Working In These Times
New Report: Unions Shield Workers—and States—Against Recession
A new report by Robert Bruno and Frank Manzo of the University of Illinois, The State of Working Illinois 2013: Labor in the Land of Lincoln, paints an all-too-familiar portrait of a state economy that has righted itself from free-fall to “tepid growth” but has yet to reach pre-recession levels. With decreased labor-force participation, nearly 10 percent unemployment, wage stagnation and the top 1 percent earning 635 percent more than the median employed worker, Illinois has a long way to go before true recovery.
But unlike other accounts of today’s economic woes, the authors don’t attribute the blame solely to the global financial collapse.

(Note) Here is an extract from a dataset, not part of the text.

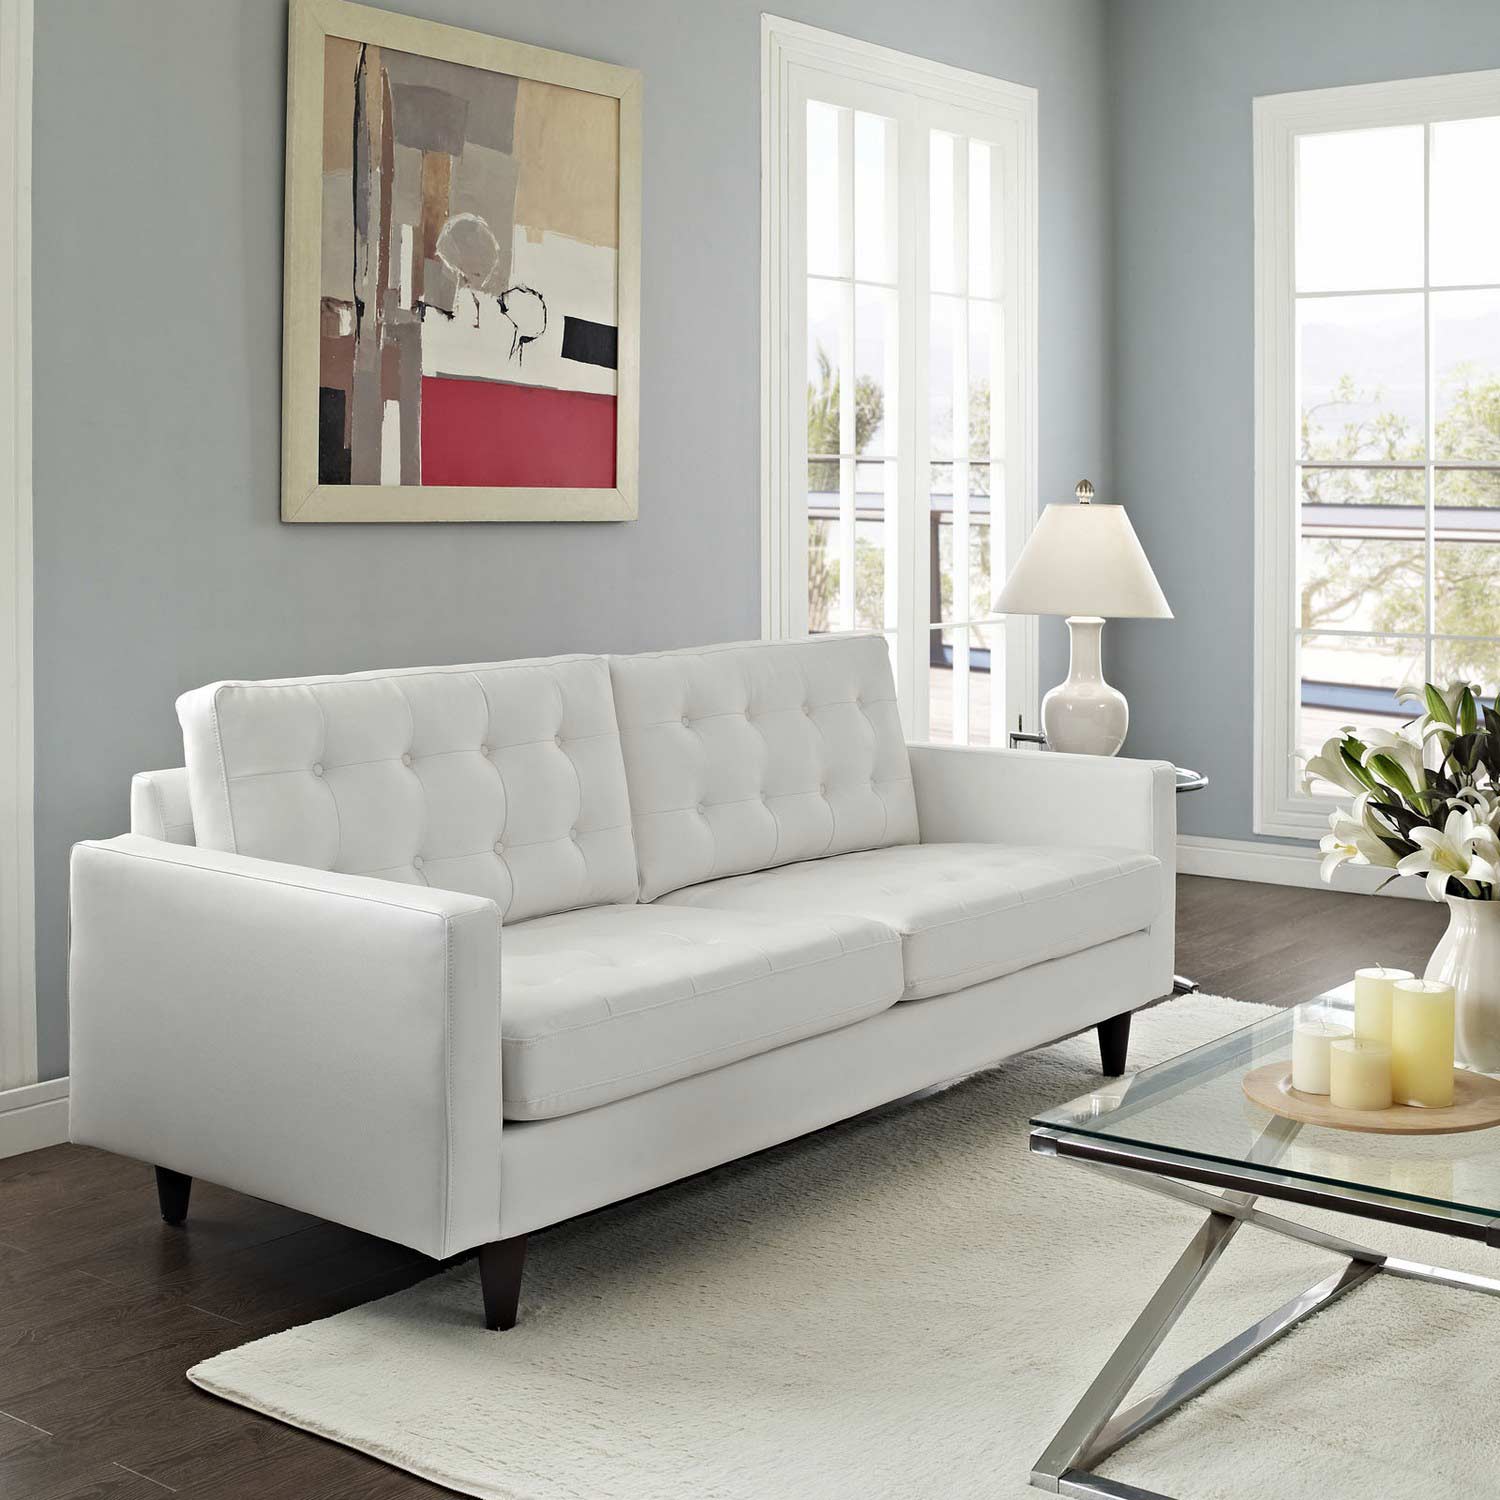 Modway Empress Leather Sofa - White

The report’s findings strongly suggest that the decline of unionization has played a considerable role in the increase of income inequality in Illinois, which can in turn slow economic growth. The report also suggests that lags in union membership put a strain on the social safety net, sapping resources that could otherwise be invested to speed the state's recovery.
The State of Working Illinois, released Tuesday, found the union membership among working-age Illinois residents has fallen from 20.6 percent in 2002 to 17.2 percent. The findings also suggest that this decline may have been a factor in pushing income inequality to extremes. The salary boost of belonging to a union worker—some $10,682 for workers making a median wage of $43,687—goes up for low-income workers. The bottom 25 percent of nonunion earners make an average of $15,471, while the bottom 25 percent of union earners makers $27,406. A similar gap appears in the bottom 10 percent of each group, with union workers earning an average of $14,685 and non-union workers earning an average of $3,701. The authors conclude that with the power to considerably boost incomes in the lowest brackets, unionization can prevent the lower-earning workers from descending into poverty.

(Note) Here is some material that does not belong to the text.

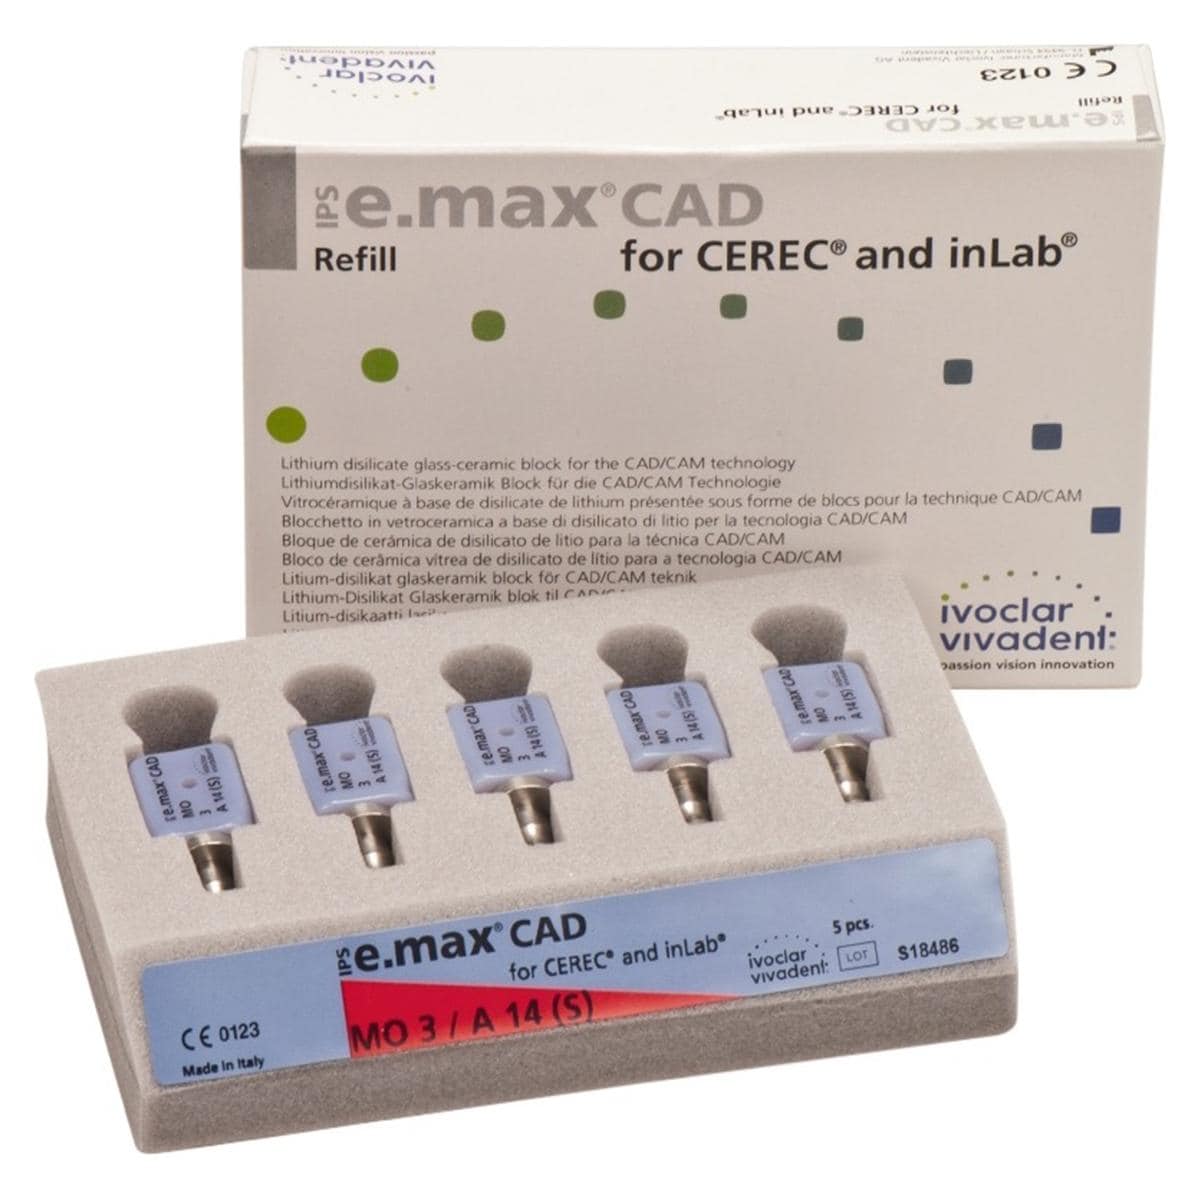 IPS e.max CAD pour Cerec et inlab - A 14 (S), 3

At the other end of the spectrum, union gains are more modest: For the top 25 percent of union workers, incomes average $61,884, compared with $57,692 for nonunion workers. And, strikingly, the top 10 and 1 percent of nonunion workers actually make more than their unionized counterparts. Overall, this means that union wages are far more compressed than nonunion wages in the state, with a $100,319 discrepancy between the highest- and lowest-earning brackets of union workers, compared with a $296,404 gap among nonunion workers.
According to coauthor Frank Manzo, some degree of income inequality isn’t necessarily a bad thing. It can “encourage hard work, the acquisition of skills and education, and innovation." But "when income inequality gets too high, like the levels we see today, it can negatively impact economic growth." This is because “the ‘marginal costs’ of inequality—such as lower equality of opportunity and lower class mobility, declining middle and working class wages, higher chances of financial crises, and even decreased national happiness—are outweighing the ‘marginal benefits,’” Manzo explains.
Given this, the report's findings indicate that higher unionization could help shrink Illinois' income gaps and lead to economic growth.
There's another way that unions can be a powerful agent to combat the detrimental effects of weak economies. Despite some improvement, Illinois workers still have only “somewhat more financial security and slightly higher prospects for finding a job” than during the darkest days of the recession. Even under these grim conditions, unionized workers generally have higher wages and have more financial security for their retirement—benefits that nonunion workers don’t always enjoy, rendering them more vulnerable to the dire effects of economic recession.
This means that lower unionization rates not only hurt workers, but also put a strain on Illinois' social safety net. With union membership on the decline, the authors hypothesize that the growing ranks of nonunion workers are sapping public resources that could otherwise be used to boost the economy by, for instance, “subsidizing college education and investing in early childhood education programs”—investments that the authors suggest would improve Illinois’ long-term labor market prospects.
The authors conclude by recommending that Illinois help combat the decline of unionization. The state could, for example, require employers to post notices in every workplace detailing the “collective acts to improve pay, working conditions, and job-related problems that are lawful even if workers are not in a union” so that workers know it is their legal right to seek justice and improved working conditions.
Although the authors make clear that cooperation from the state—in the form of investments in public infrastructure, increases in the minimum wage and reforming the tax code—is vital for positive economic growth, The State of Working Illinois shows that unions can provide workers and economies with invaluable armor to withstand crises like the Great Recession.